● EXERCISE DATA:
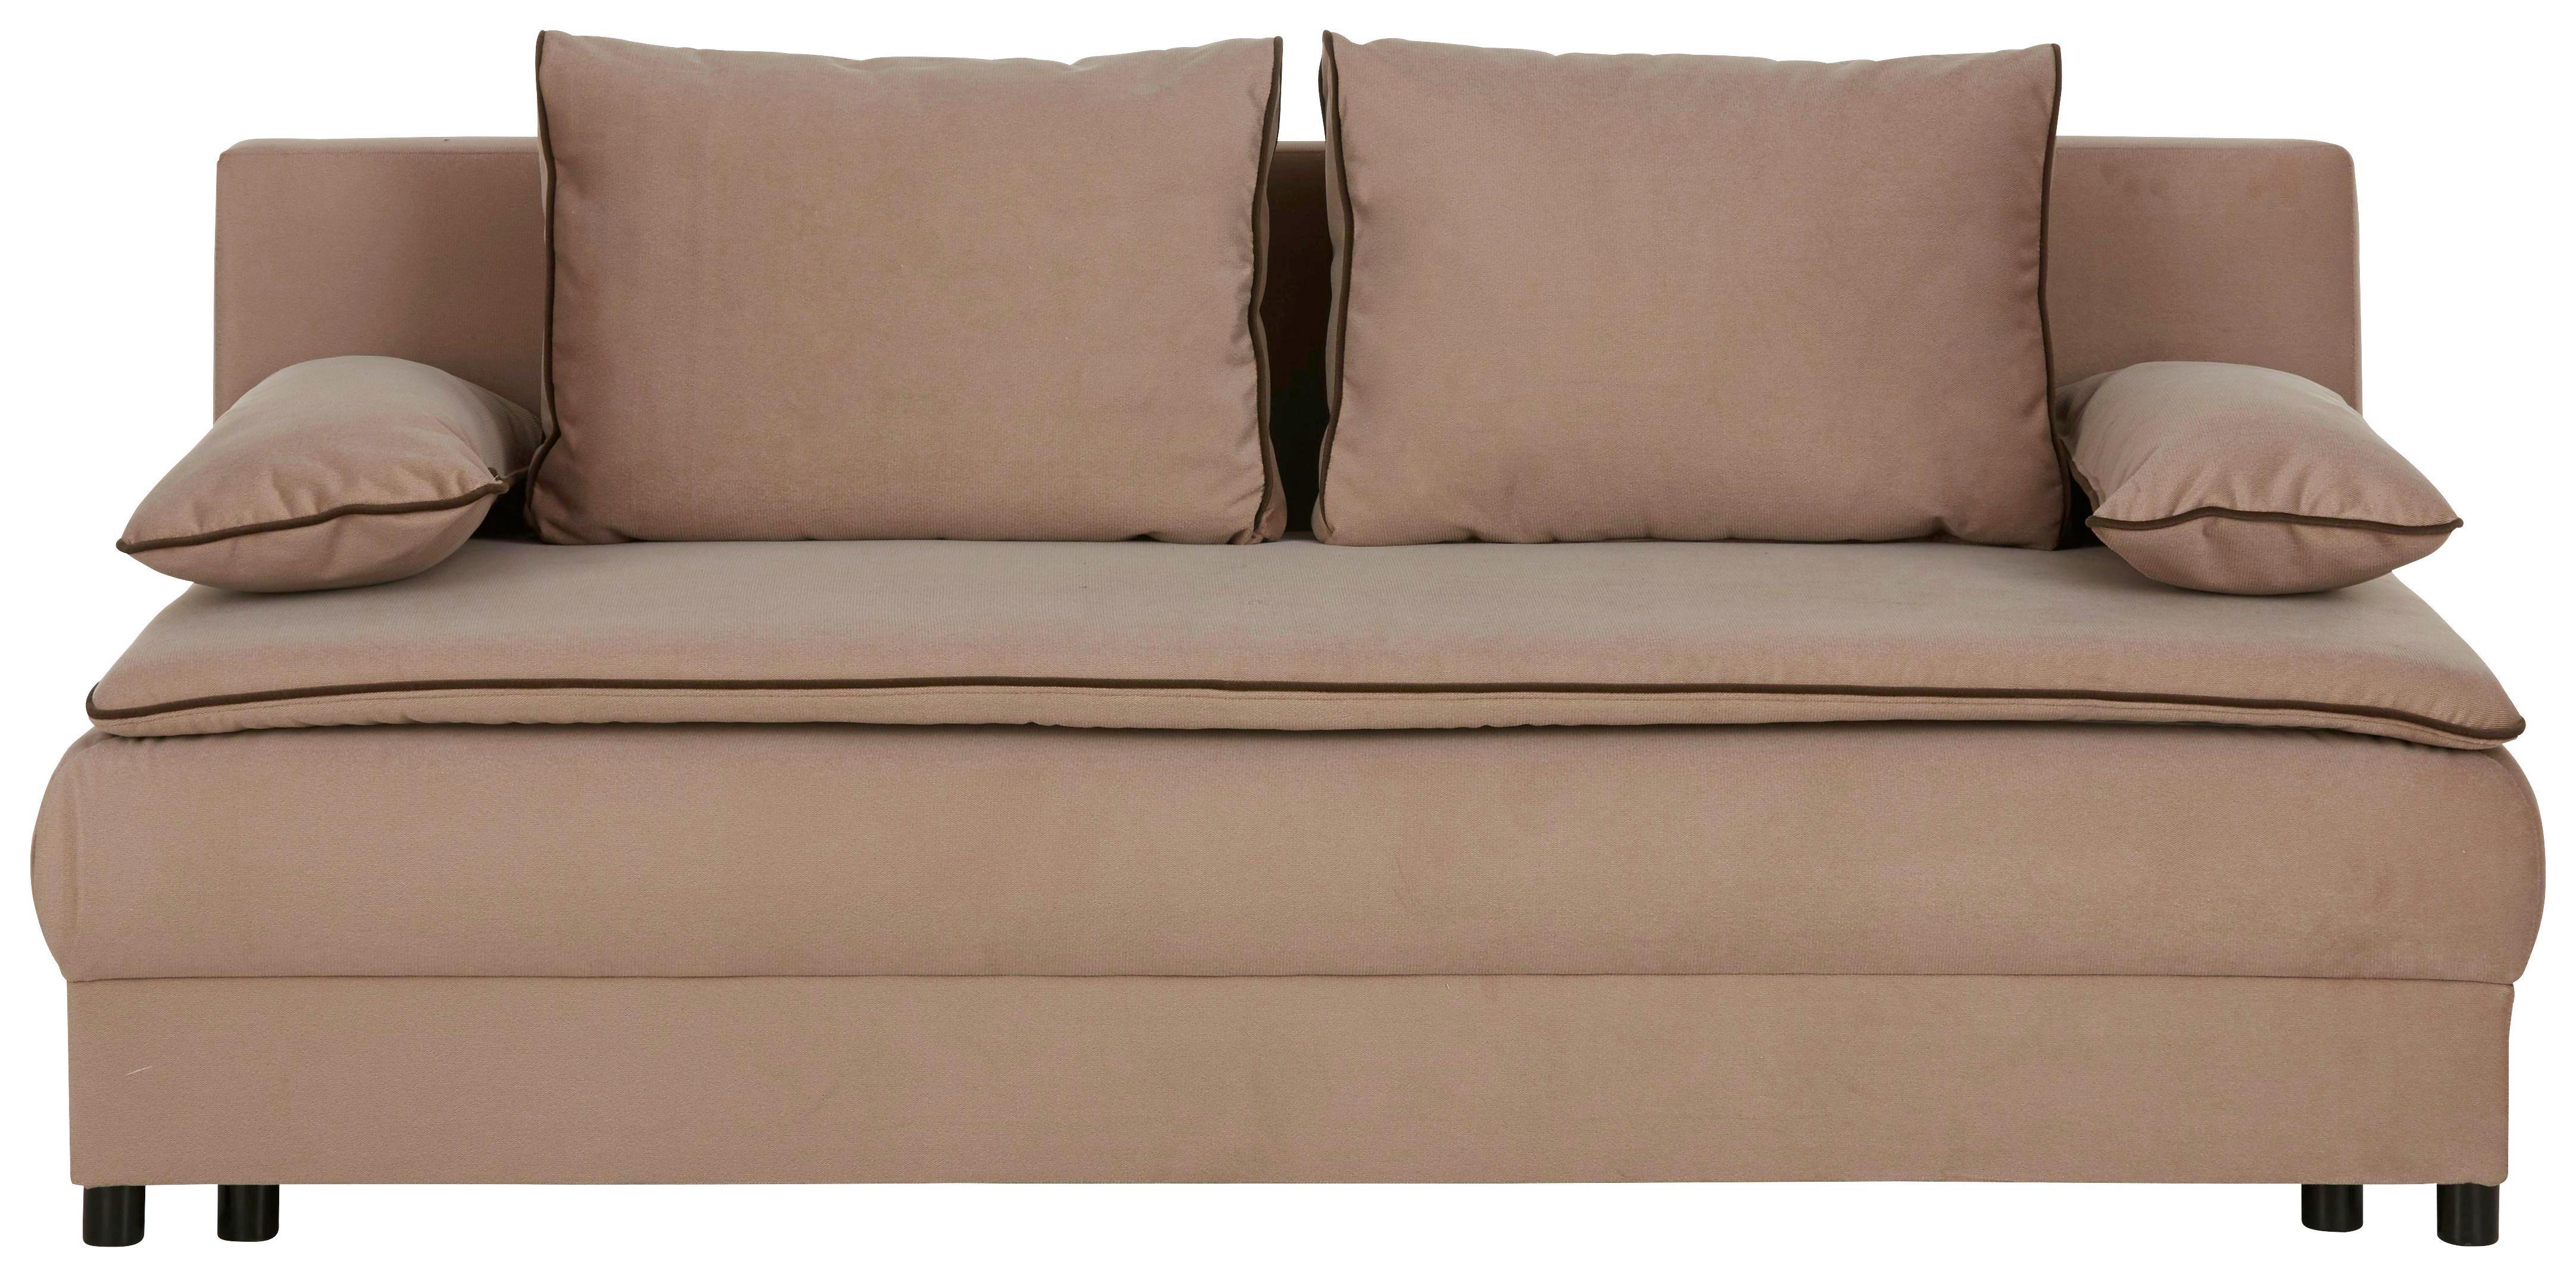 sofabett mit bettkasten free schlafsofa federkern schlafsofa mit bettkasten und federkern. Black Bedroom Furniture Sets. Home Design Ideas
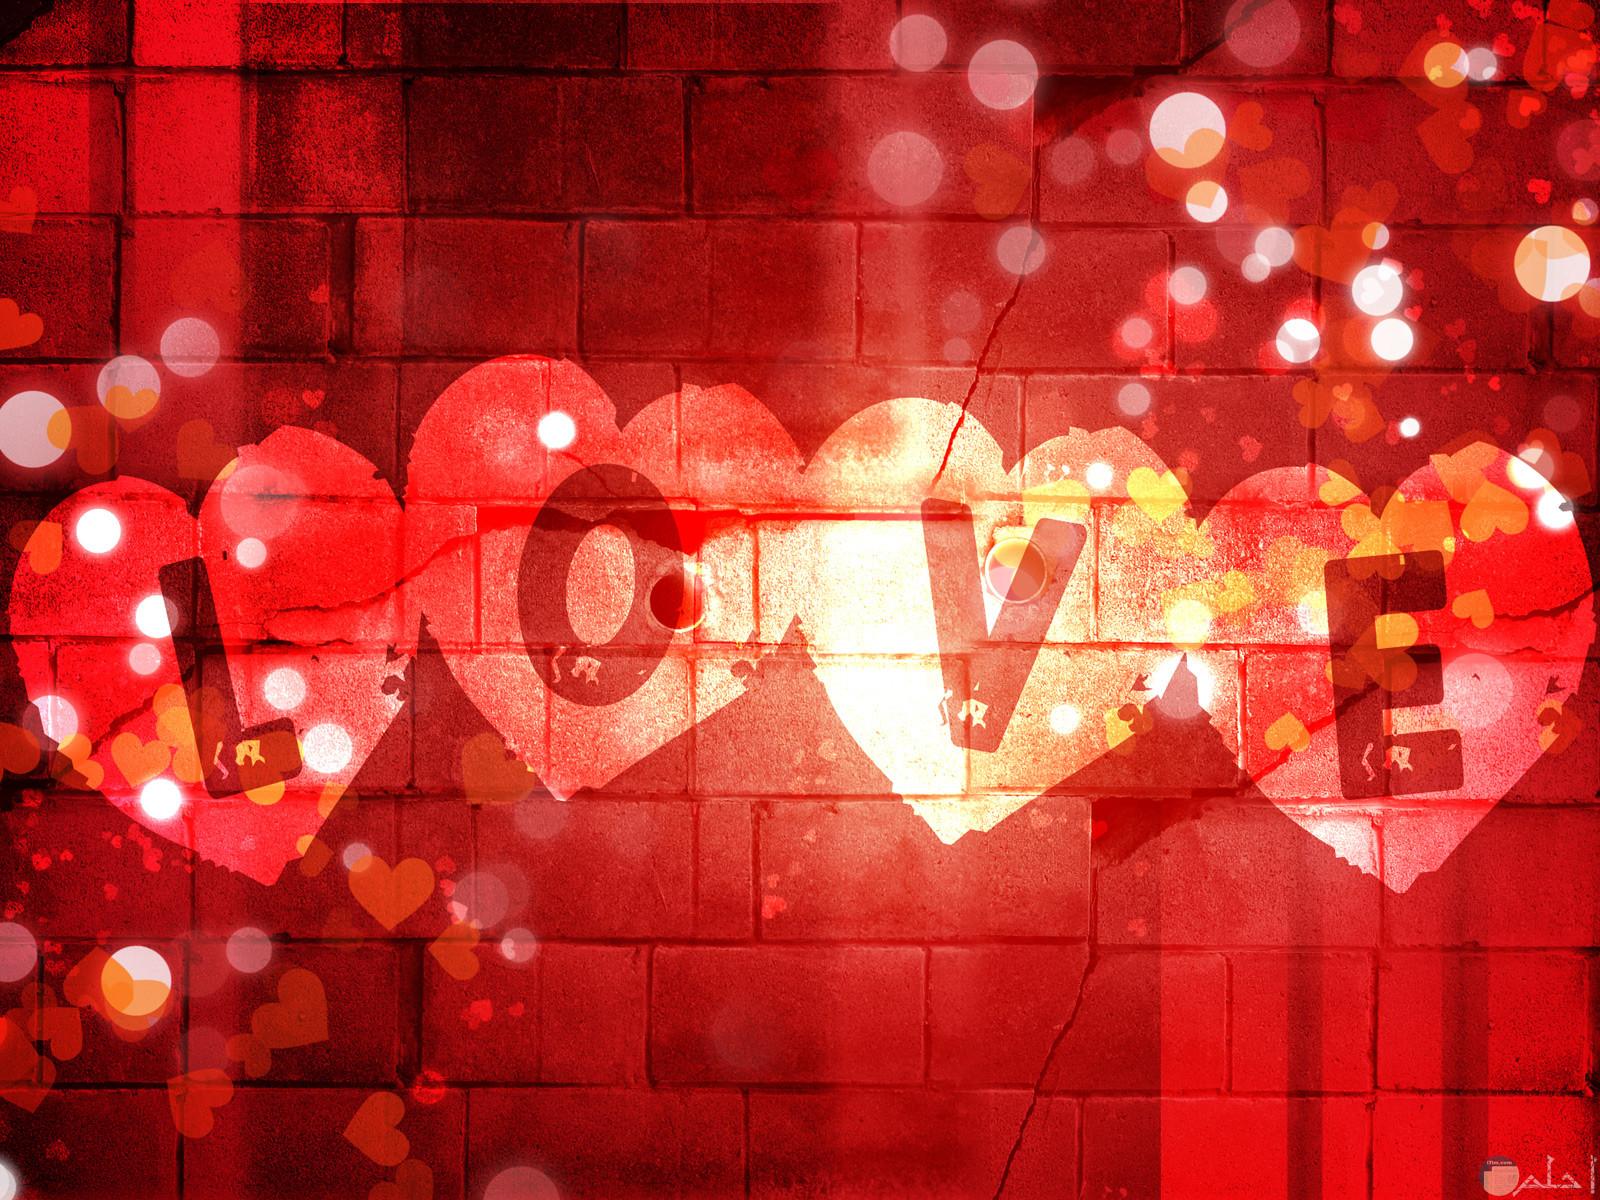 صورة للحب تعبر عن الحب كله.
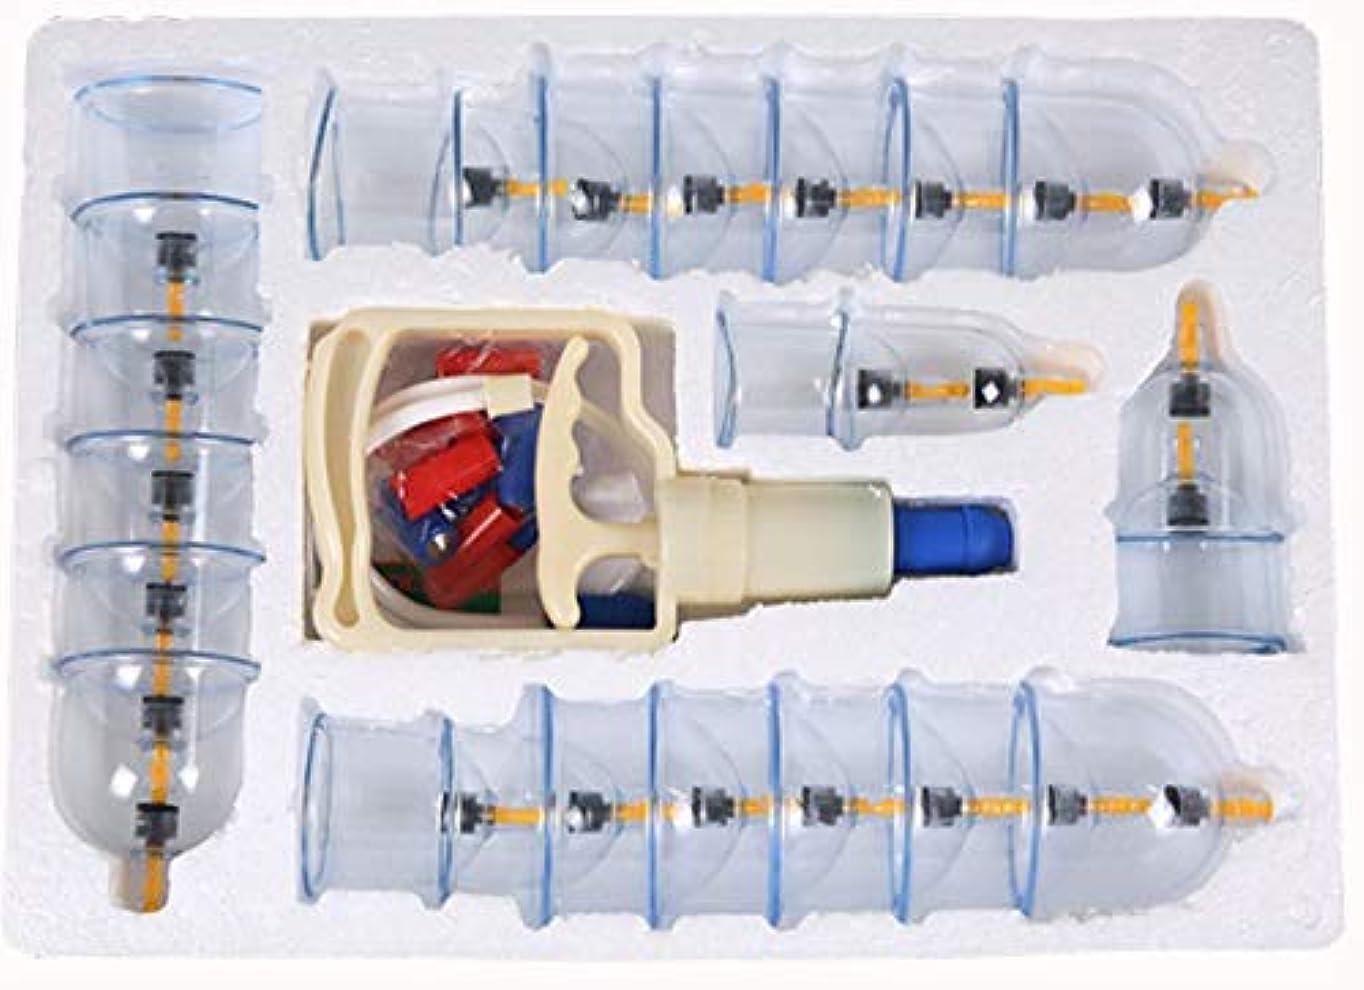 北品種送る(ラフマトーン) カッピング 吸い玉 大きいカップが多い 吸い玉 5種 24個セット 磁針 12個 関節用カップ付 脂肪吸引 自宅エステ

● TASK TO CARRY OUT: Would you print the whole listing exactly, omitting the pictures?

● ANSWER FOR THE TASK:
 sofabett mit bettkasten free schlafsofa federkern schlafsofa mit bettkasten und federkern. Black Bedroom Furniture Sets. Home Design Ideas
 صورة للحب تعبر عن الحب كله.
 北品種送る(ラフマトーン) カッピング 吸い玉 大きいカップが多い 吸い玉 5種 24個セット 磁針 12個 関節用カップ付 脂肪吸引 自宅エステ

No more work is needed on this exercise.